Cory Petcoff believes in creating a better future for the city of Lakeland through redevelopment projects in downtown and Dixieland. A native of Lakeland, Petcoff is the president of Baron Realty, a real estate company that has served Lakeland for more than 20 years. An established real estate professional, he works as a commercial real estate investor, broker, and property manager.

Petcoff’s investment in the community extends beyond his office and into the local organizations that he commits his time to through serving on a variety of boards. He currently serves on the boards of Lakeland Economic Development Council, Lakeland Christian School, Lakeland Regional Health (the hospital where he was born), and the City of Lakeland CRA.

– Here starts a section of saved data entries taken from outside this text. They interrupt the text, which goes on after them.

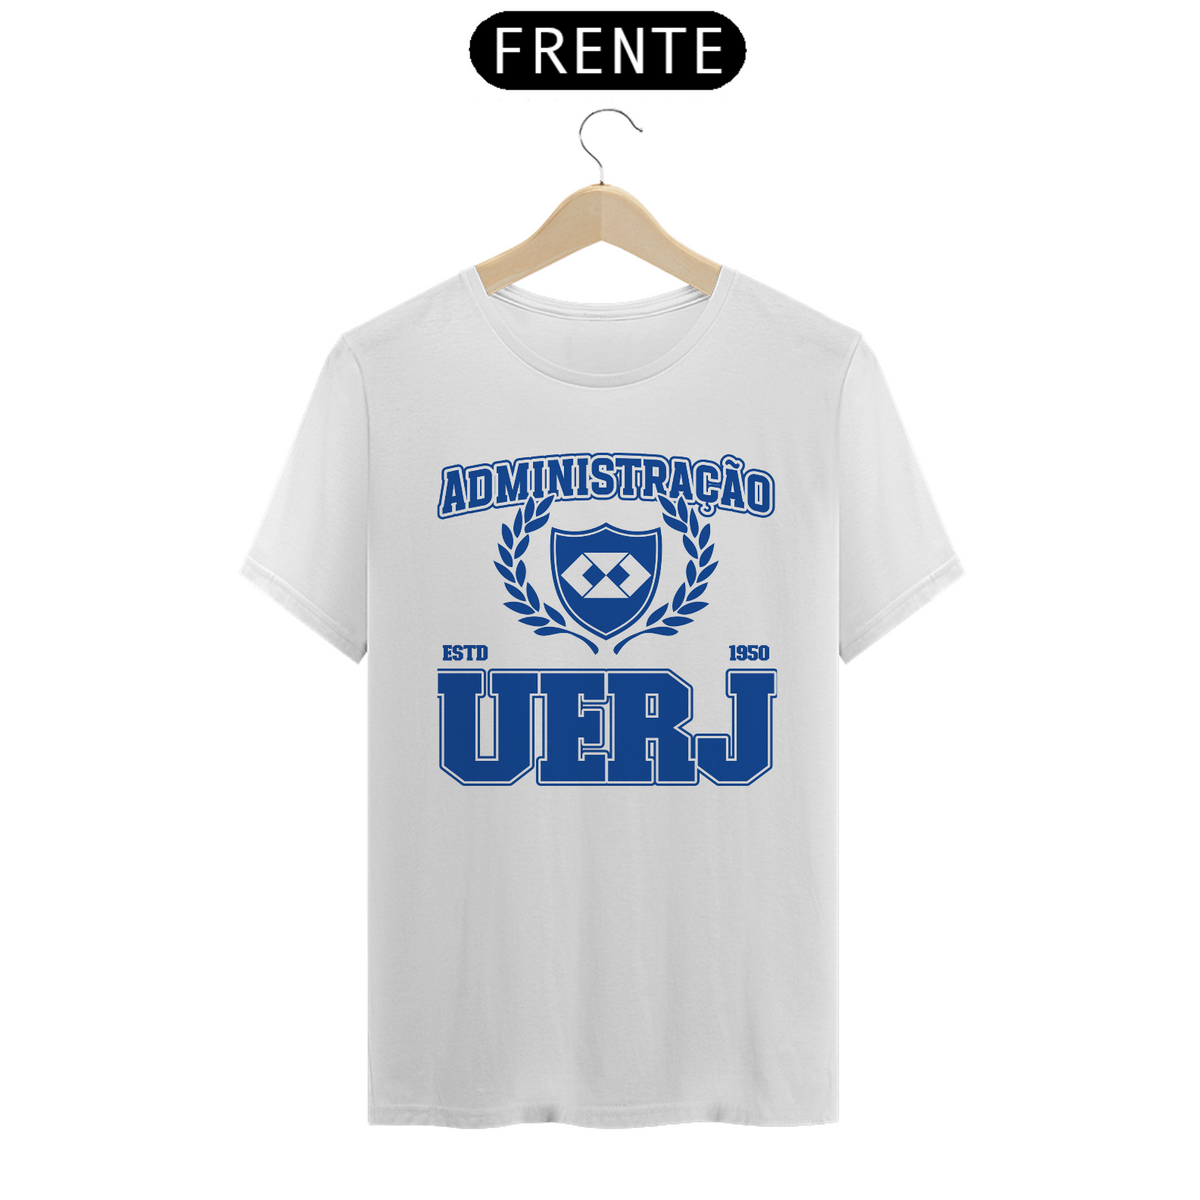 Nome do produto: UniVerso- Administração Uerj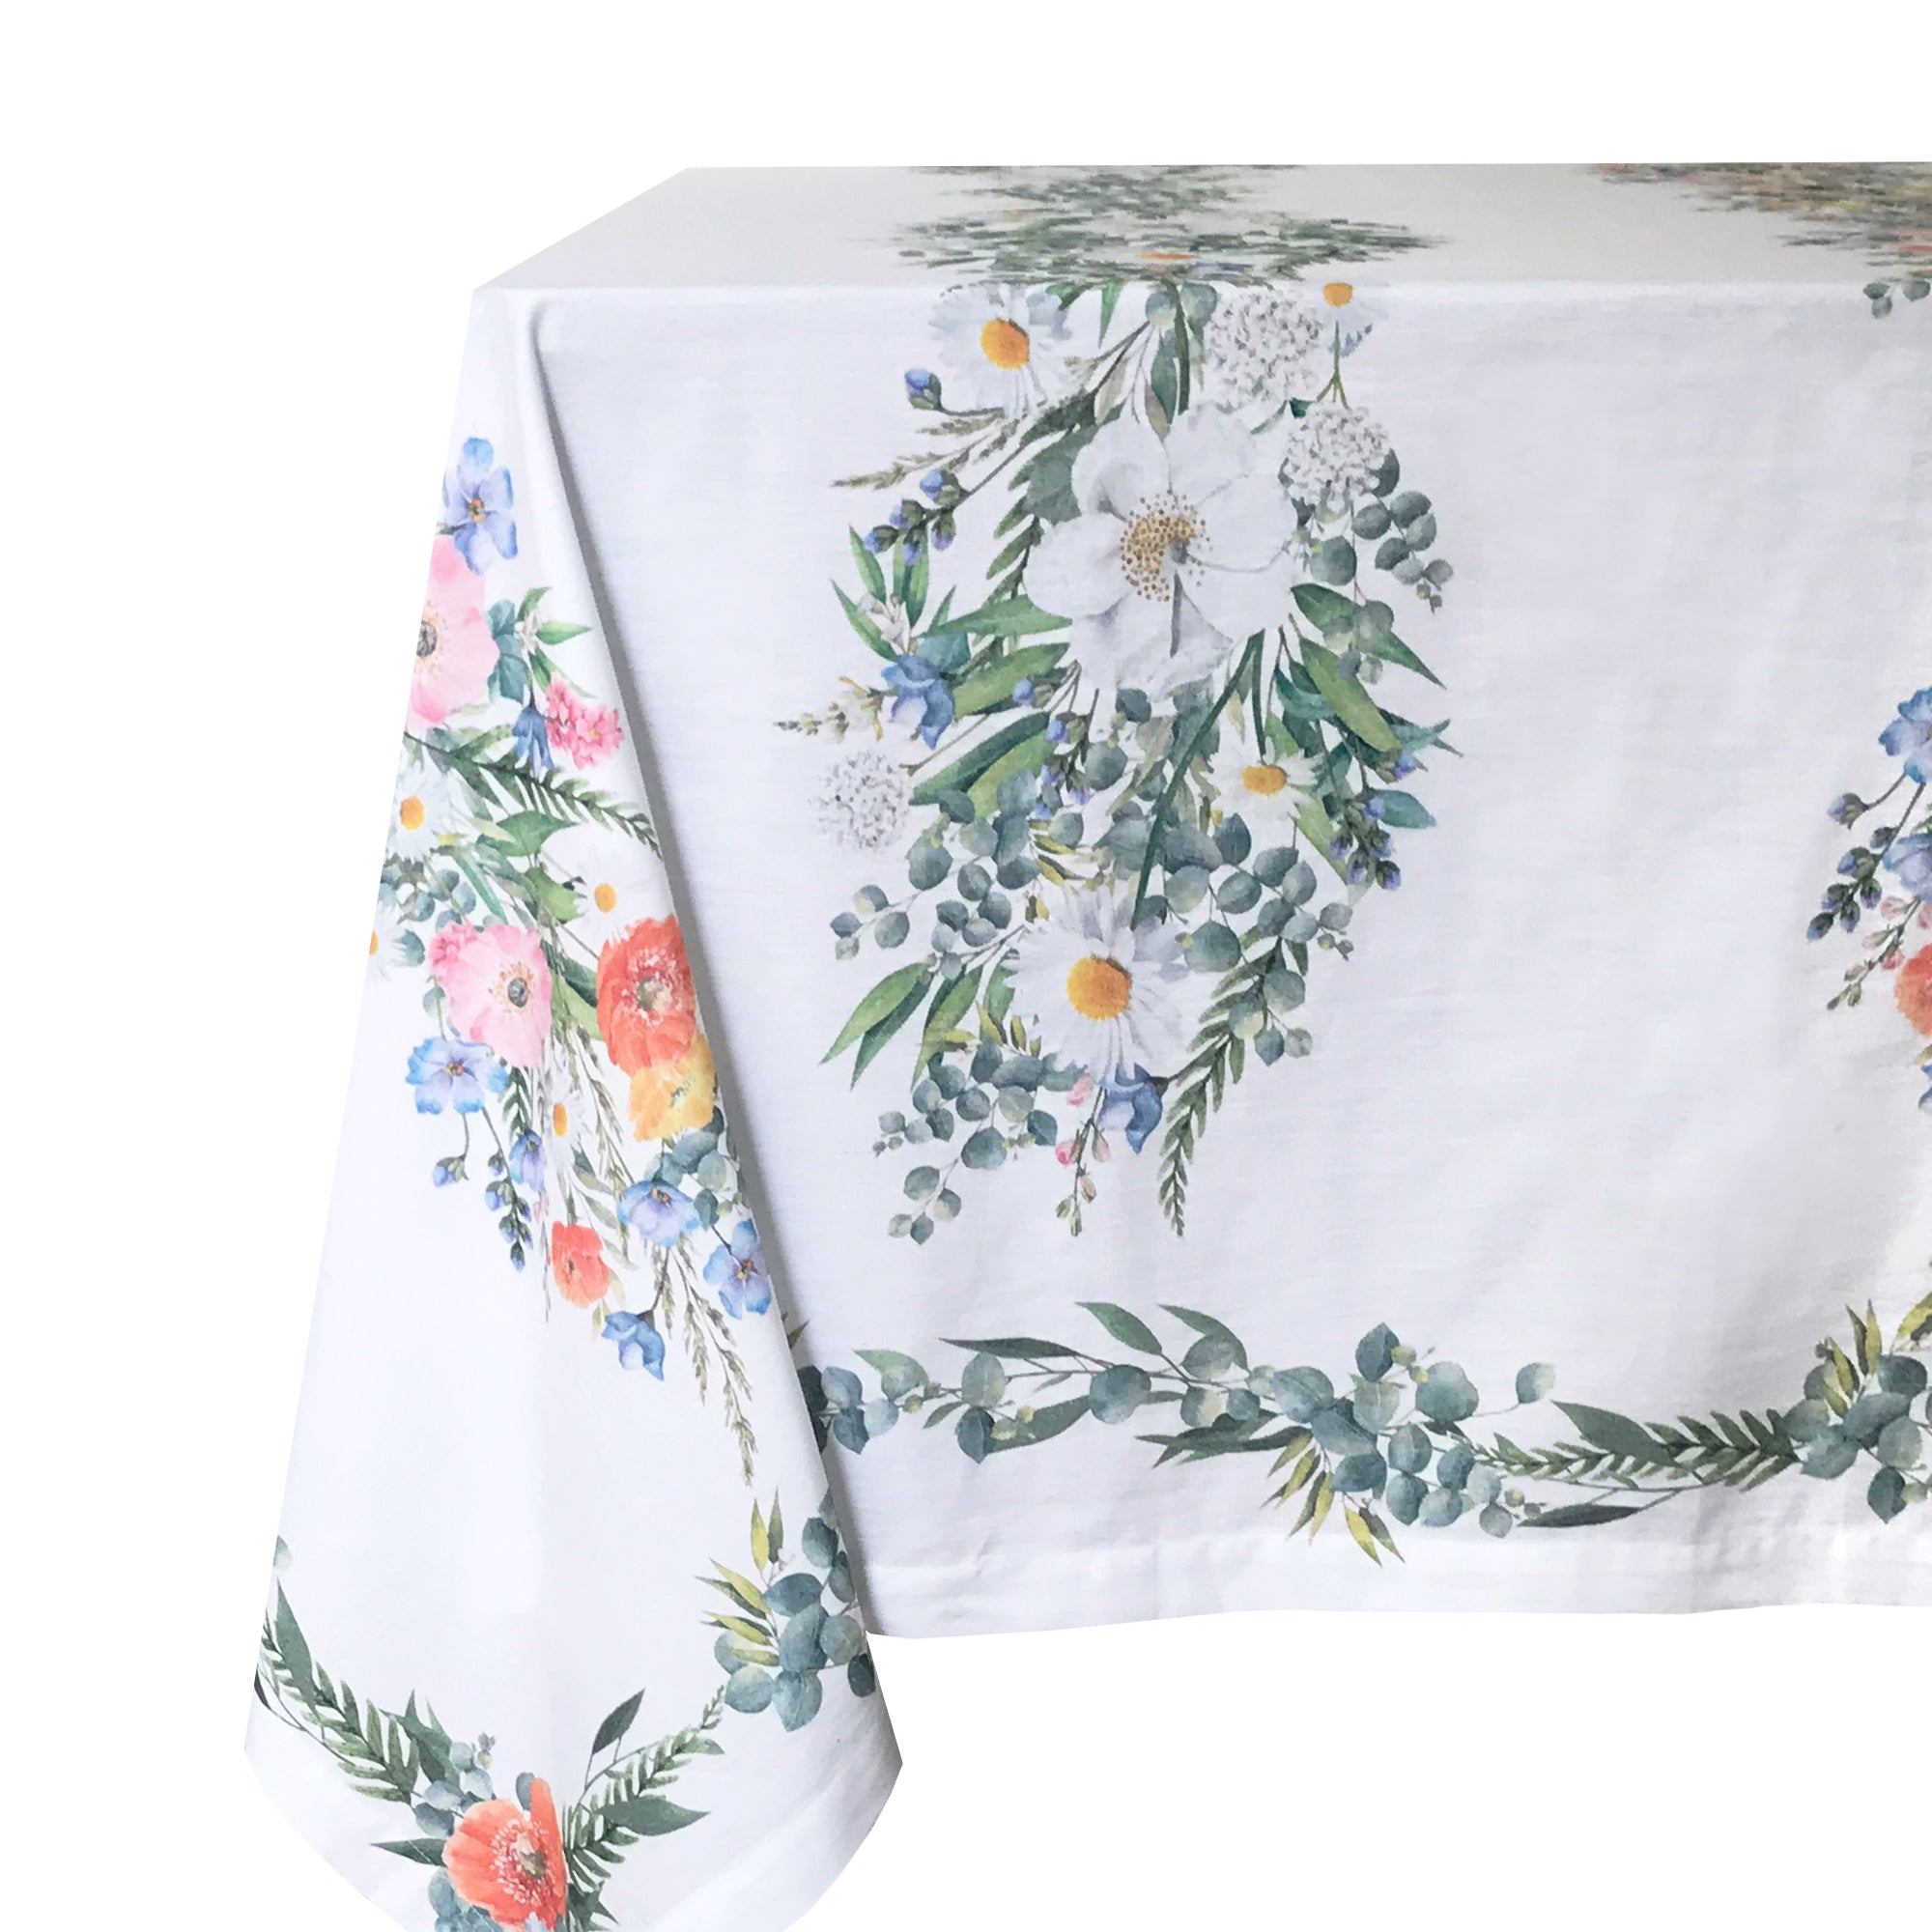 English Garden Vintage Print Cotton Tablecloth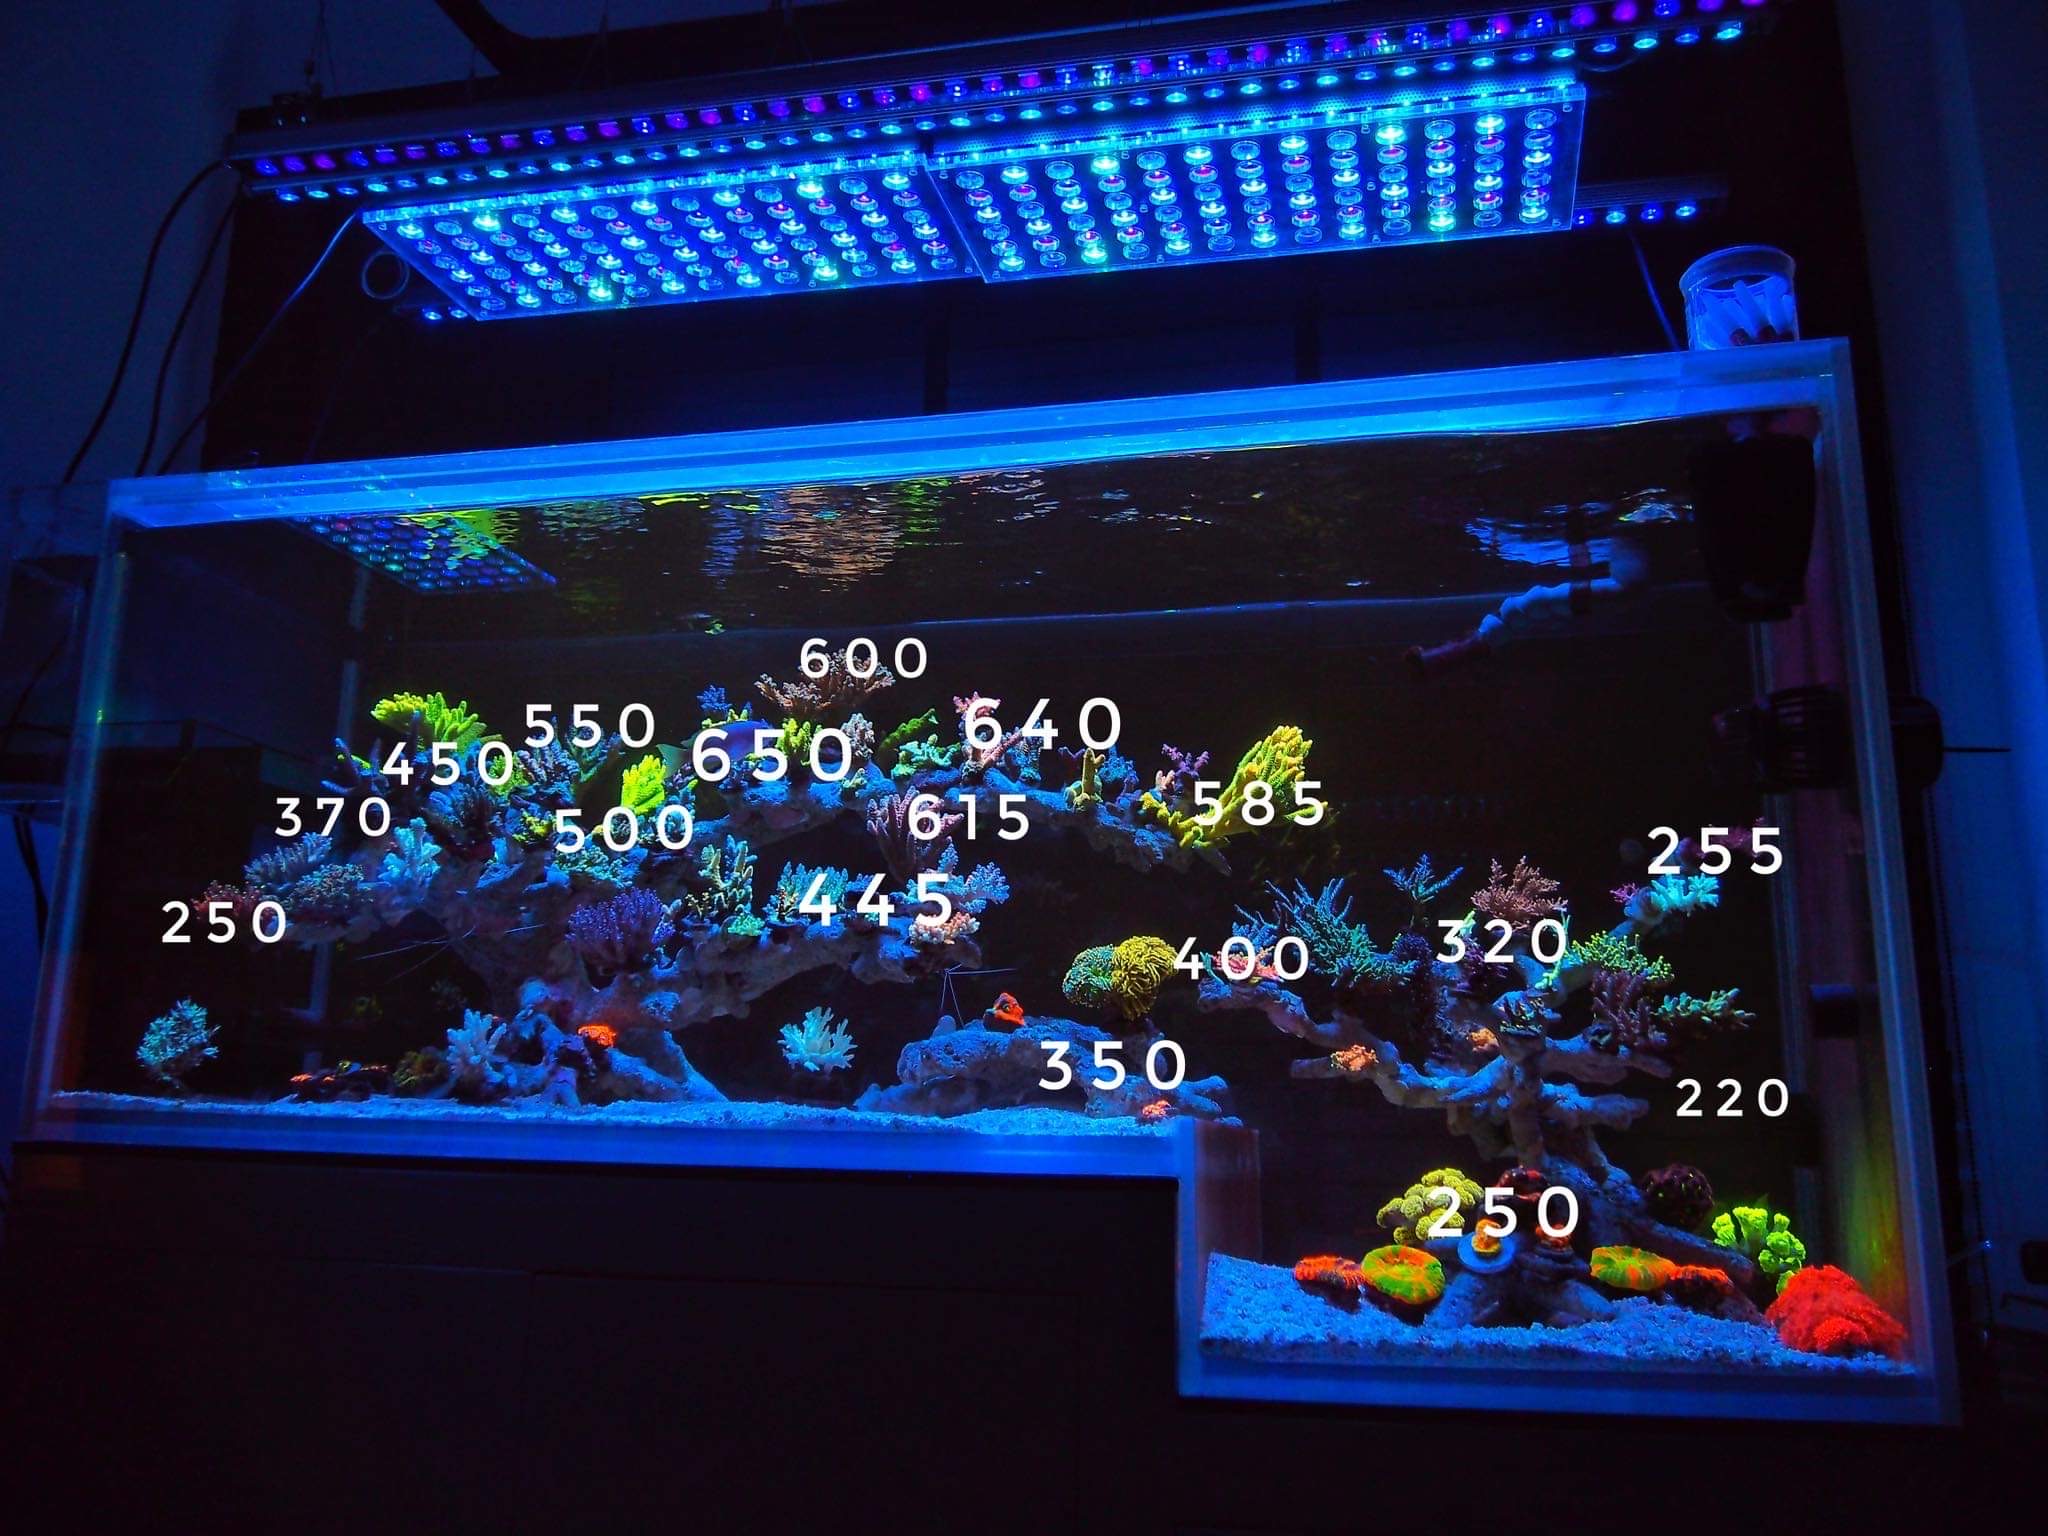 Atlantik icon or3 150 led พิพิธภัณฑ์สัตว์น้ำแนวปะการัง

Although he devotes a lot of his time to the city of Lakeland, Petcoff is most passionate about his faith and family. He and his family attend All Saints Episcopal Church.

Petcoff’s faith is what keeps him grounded. It’s also what he believes makes a man of integrity in today’s world. “I do not think the traits that define a man of character have changed at all over time,” says Petcoff as he refers to a passage found in the Gospels of Matthew, Mark, and Luke in the Bible. He shares that when asked about the greatest commandment, Jesus responded with, “Love the Lord your God with all your heart, with all your soul, with all your mind, and with all your strength.” Jesus went on to say, “And a second is like it, love your neighbor as yourself.”

It’s these two commandments that Petcoff believes are paramount in a man of integrity in the world today. “Can you imagine if all of humanity embraced those two statements? They are easy to say, but much more difficult to live out.”